The list of IP ranges is published weekly as a JSON file. New ranges appearing in the file will not be used in Azure for at least one week. The file name is in the format “ServiceTags_Public_<YYYYmmdd>.json”. It appears that the date in the file always references the Monday of the week of publication.

This means we can use an automation tool to get the information we want from the file each week and update our firewall rules. The Az PowerShell library makes this task achievable with a few lines of code.

Modifying firewall IP ranges with PowerShell

The full script is here. The following is an explanation of each section.

To make my PowerShell script more reusable, I added parameters.
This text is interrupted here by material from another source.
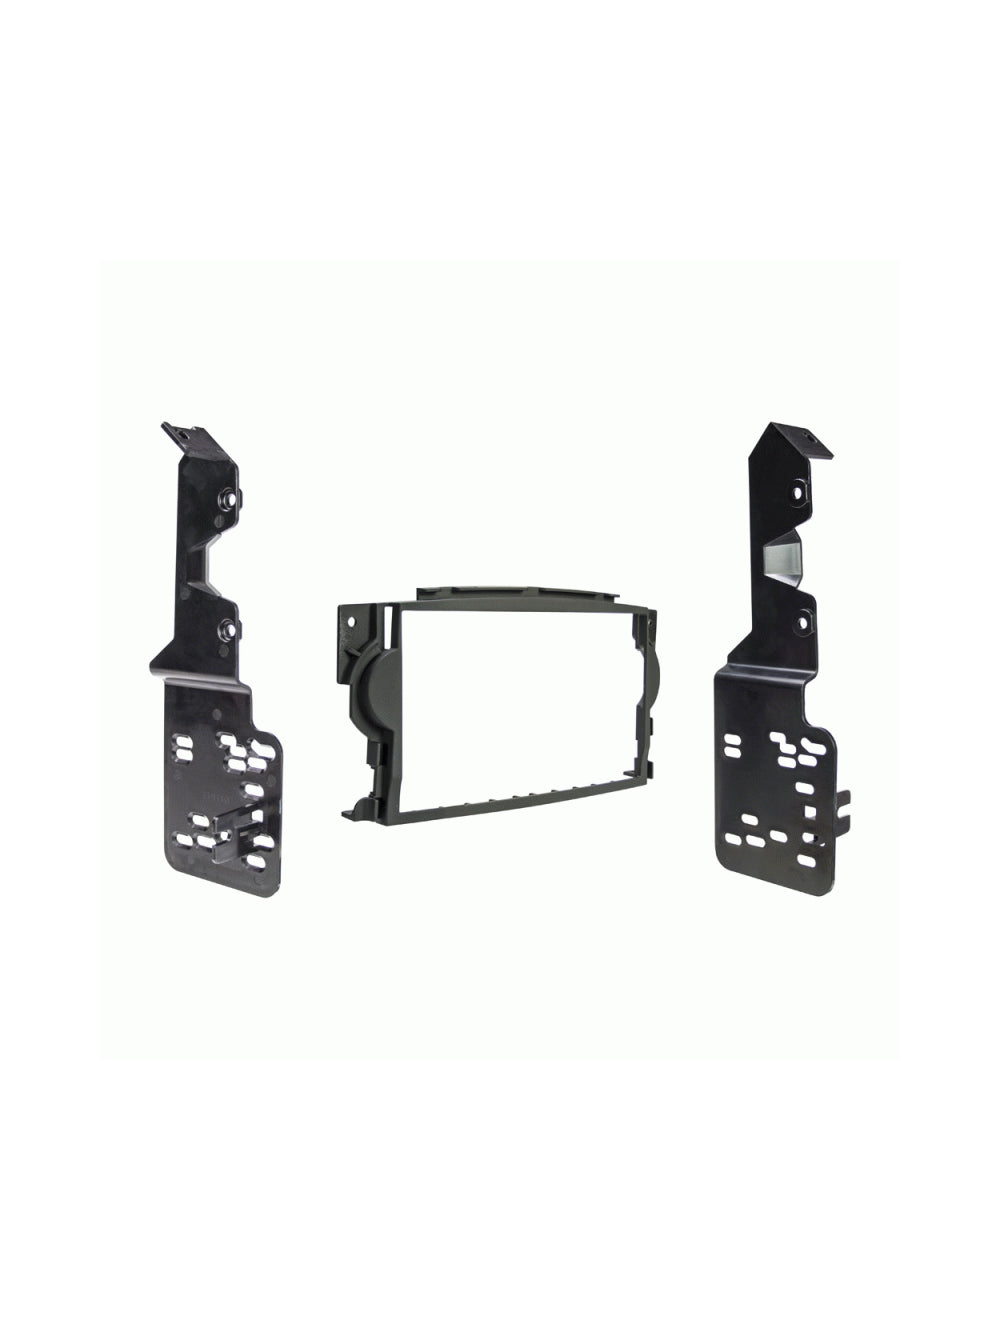 Metra 95-7815B Double DIN Dash Kit For 2004-2008 Acura TL
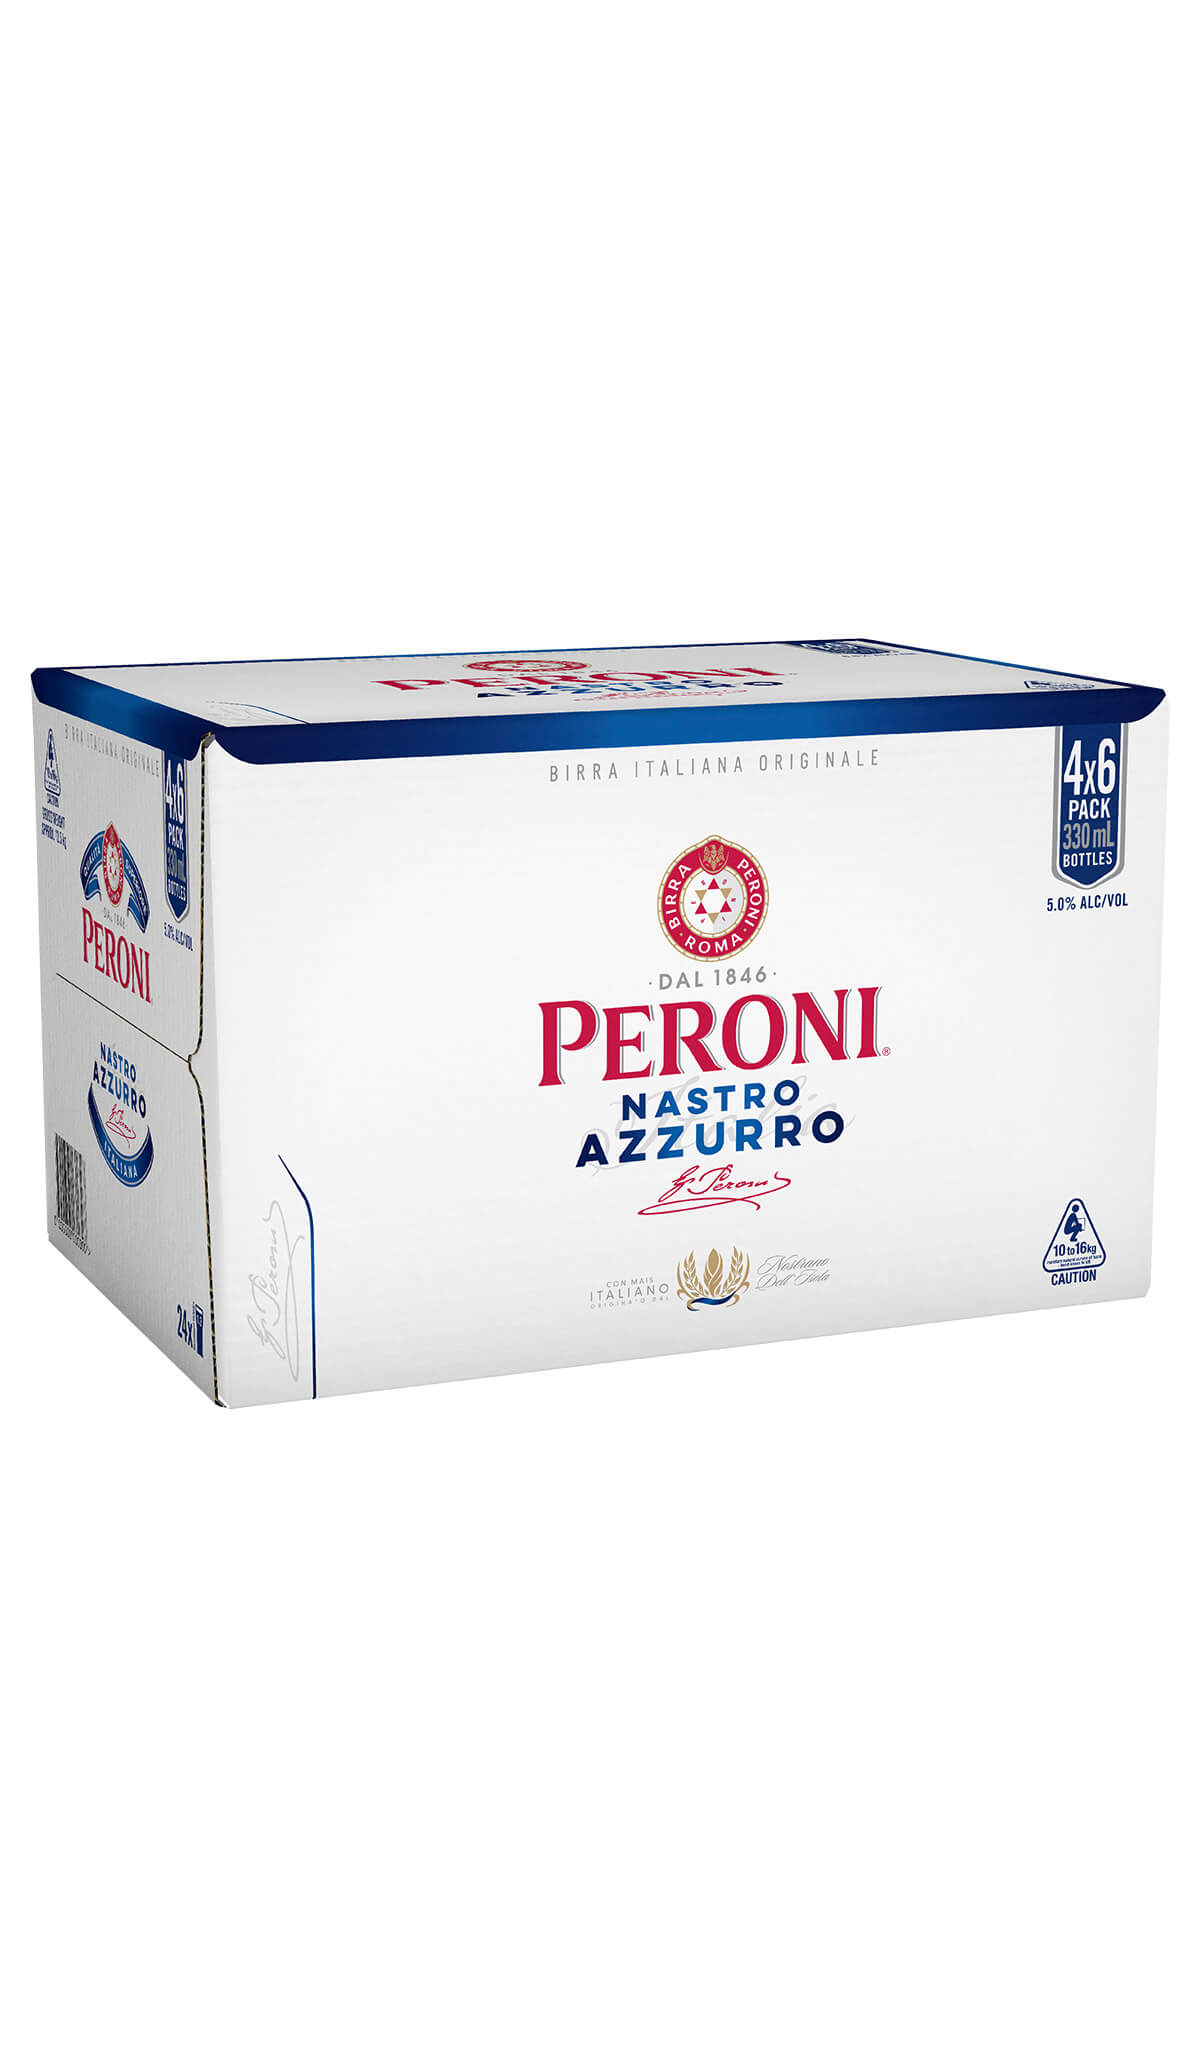 Find out more, explore the range and purchase Peroni Nastro Azzurro 24x330ml Stubbies Slab online at Wine Sellers Direct - Australia's independent liquor specialists.

# Input bindings passed in via param block

    [Parameter (Mandatory= $false)]
    [String] $storageRG = "storageRG",

    [Parameter (Mandatory= $false)]
    [String] $sqlRG = "sqlRG",

    [Parameter (Mandatory= $false)]
    [String] $storageacctname = "stgacct",

    [Parameter (Mandatory= $false)]
    [String] $sqlservername = "sqldev",

    [Parameter (Mandatory= $false)]
    [String] $region = "EastUS",

    [Parameter (Mandatory= $false)]
    [String] $subscription = "mysub"

This script logs into Azure using the managed identity of the Azure Automation account. This account needs contributor access on the SQL Server in order to modify the firewall rules. It also needs Storage Account Contributor on the storage account to modify the firewall rules there.

# Import needed libraries
Import-Module Az.Storage
Import-Module Az.Sql
Import-Module Az.Resources

# Ensures you do not inherit an AzContext in your runbook
Disable-AzContextAutosave -Scope Process

# Connect to Azure with system-assigned managed identity
$AzureContext = (Connect-AzAccount -Identity).context

# Set and store context
$AzureContext = Set-AzContext -SubscriptionName $AzureContext.Subscription -DefaultProfile $AzureContext
$sub = Select-azSubscription -SubscriptionName $subscription
Write-Output "Connected to Azure"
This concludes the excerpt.